Updated: Dec 29, 2020


From the very beginning, ‘The Soviet Union During the Brezhnev Era’ sets a tone of historical incompetence. It manages to carry this on until the very end, and it makes for perhaps the worst book I have read this year. Note for the audiobook: the narrator matches the incompetence of the author and manages to pronounce Mao as ‘Mayo’ throughout – which is often. This is accompanied by frequent weird pronunciations of everything else, also. It's only upside is its length - around 2 hours - as it's possible to finish easily in an evening, as I did.


Beginning with an annoyingly long recounting of all the soviets preceding Brezhnev, the book hardly even talks about its namesake before its end. One of the opening lines, ‘as bad as Vladimir Lenin seemed […] Joseph Stalin was so much worse’, is one of the most amusingly cliche sentences I’d ever heard, and for it to be included in a serious historical work is almost obscene. It continues with a slew of misinformation, of which I shall bullet point a few examples for ease:

· The mistranslation of Khrushchev’s ‘we will bury you’ and label of it as aggressive, when the accurate translation is not at all, being more similar to ‘we will stand peacefully by your graveside’

· He confuses the idea of the revolutionary vanguard with the concept of the dictatorship of the proletariat (DOTP) – the vanguard is Lenin’s idea that an elite set of workers must complete revolution on behalf of the other workers, as the majority were not ready or educated enough to do so themselves. Editor confuses this with the Dictatorship of the Proletariat, which is actually close to a democracy – just only including workers, and intending to destroy all the other classes, and ends up saying the latter means the former.

· Lenin’s testament is somewhat misrepresented – only focusing on the critic of Stalin, not mentioning that Trotsky was also insulted in it, and then implying Trotsky simply let it get buried out of naivety – almost the whole politburo was insulted in it, and that was why it was buried

· More of just pure stupidity than a mistake, but the line that Beria opened up the gulags and released prisoners ‘for reasons that are still unclear’ is idiotic – it is entirely clear and straightforward that this was a ploy for Beria to gain power, to win over popular opinion. Editor actually goes on to talk about the power struggle almost immediately after, so how he failed to connect the dots is beyond me.

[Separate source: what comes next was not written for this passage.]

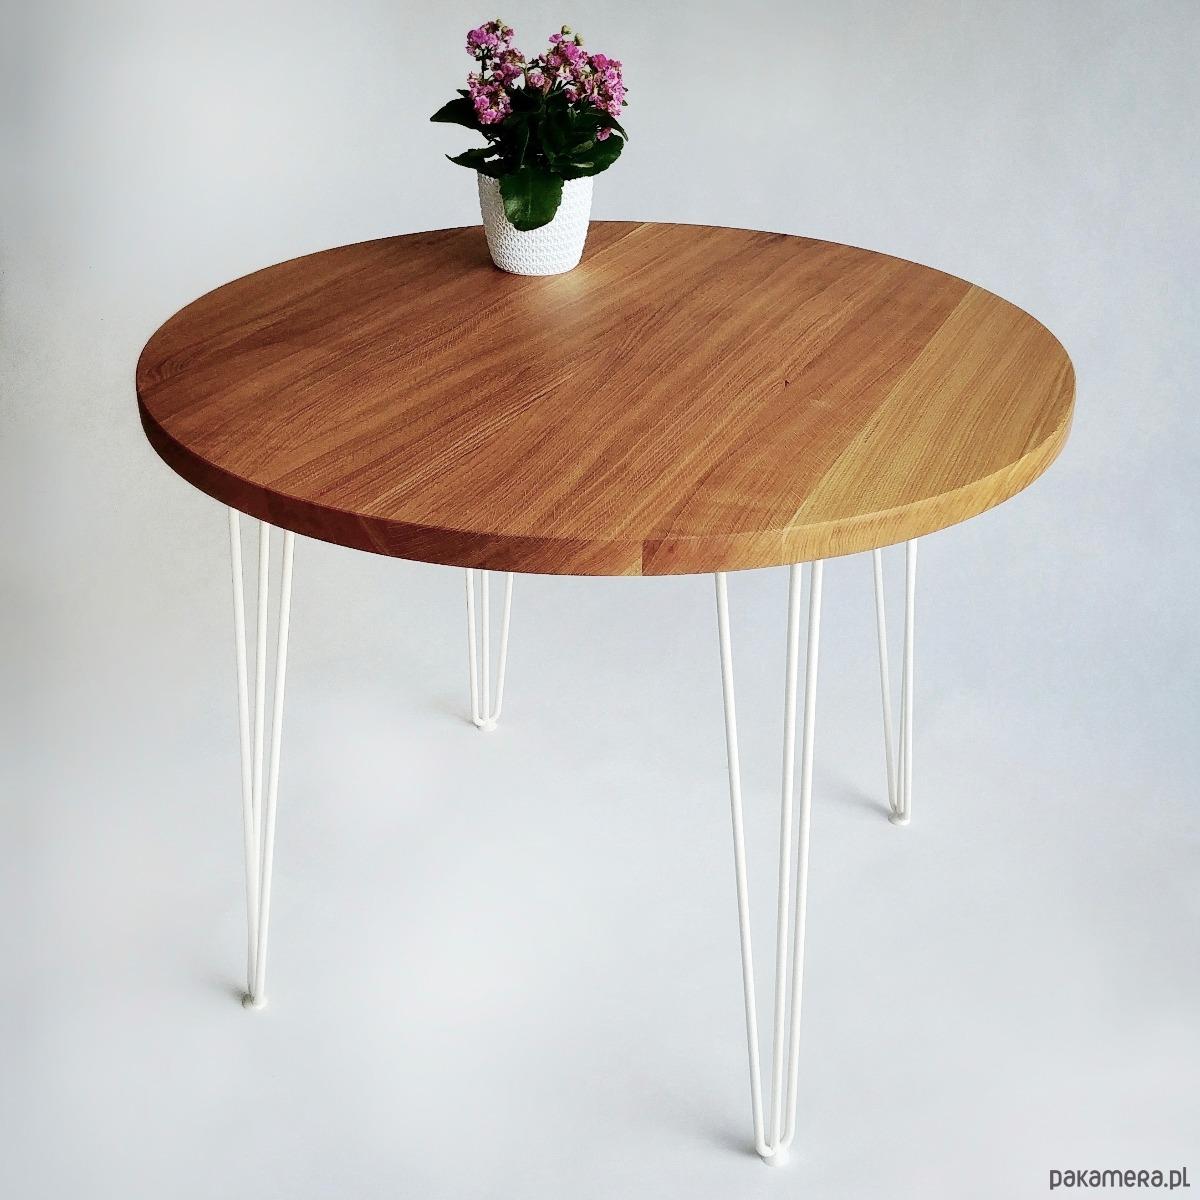 Bardzo dobryFantastyczny Okrągły stół dębowy MOKU - meble - stoły i stoliki - stoły GF02
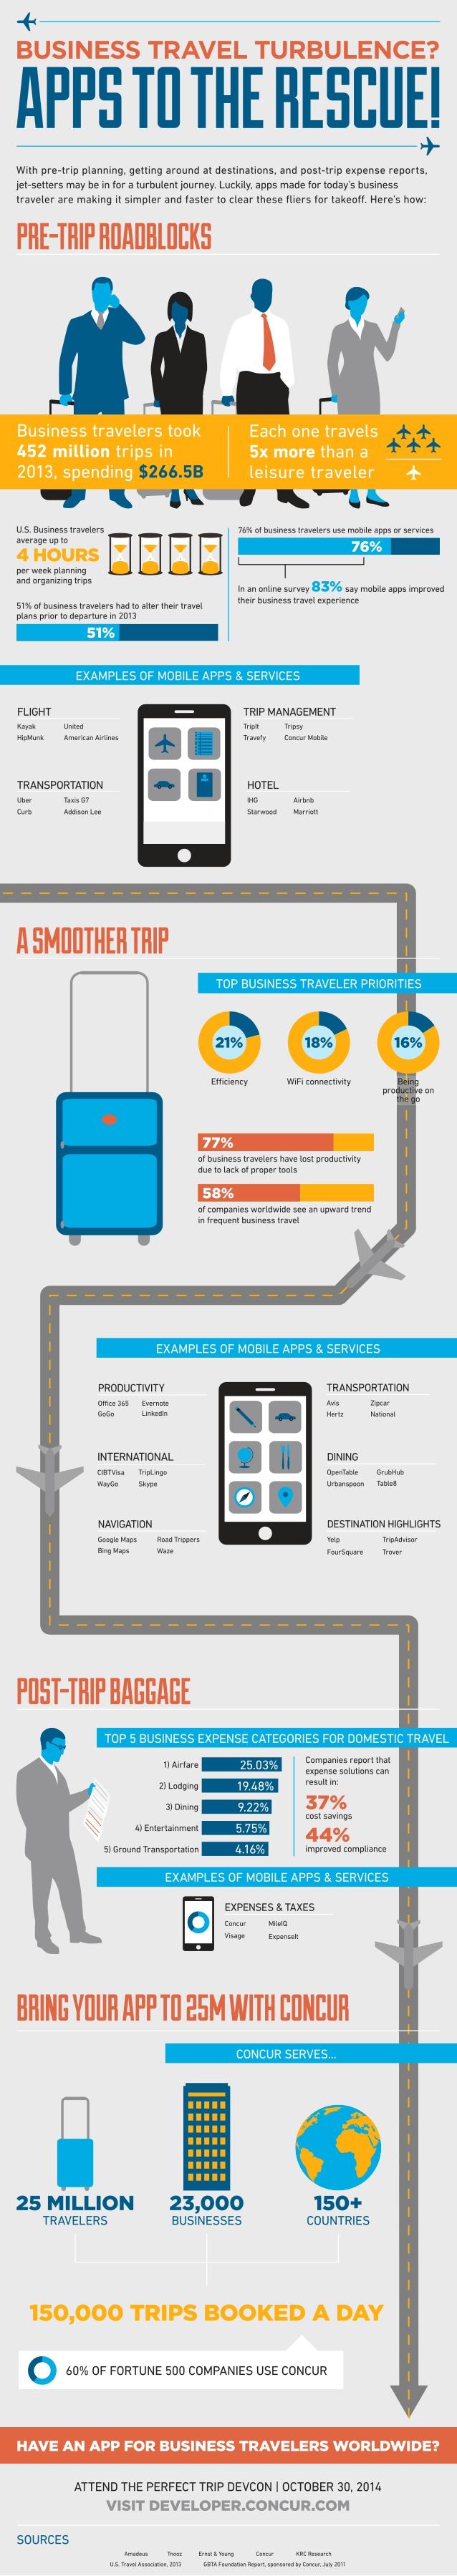 Las APPS te ayudan en los viajes de negocios

When it finally gets to Brezhnev, the book is interesting enough – but incredibly brief considering the amount of time which is spent on other Soviet Leaders, who all seem to give very little necessary context. It is entirely not worth it, and I feel cheated out of the £2 I spent on it. There is not much to conclude, so I shall just summarise here what is obvious: I do not recommend this book.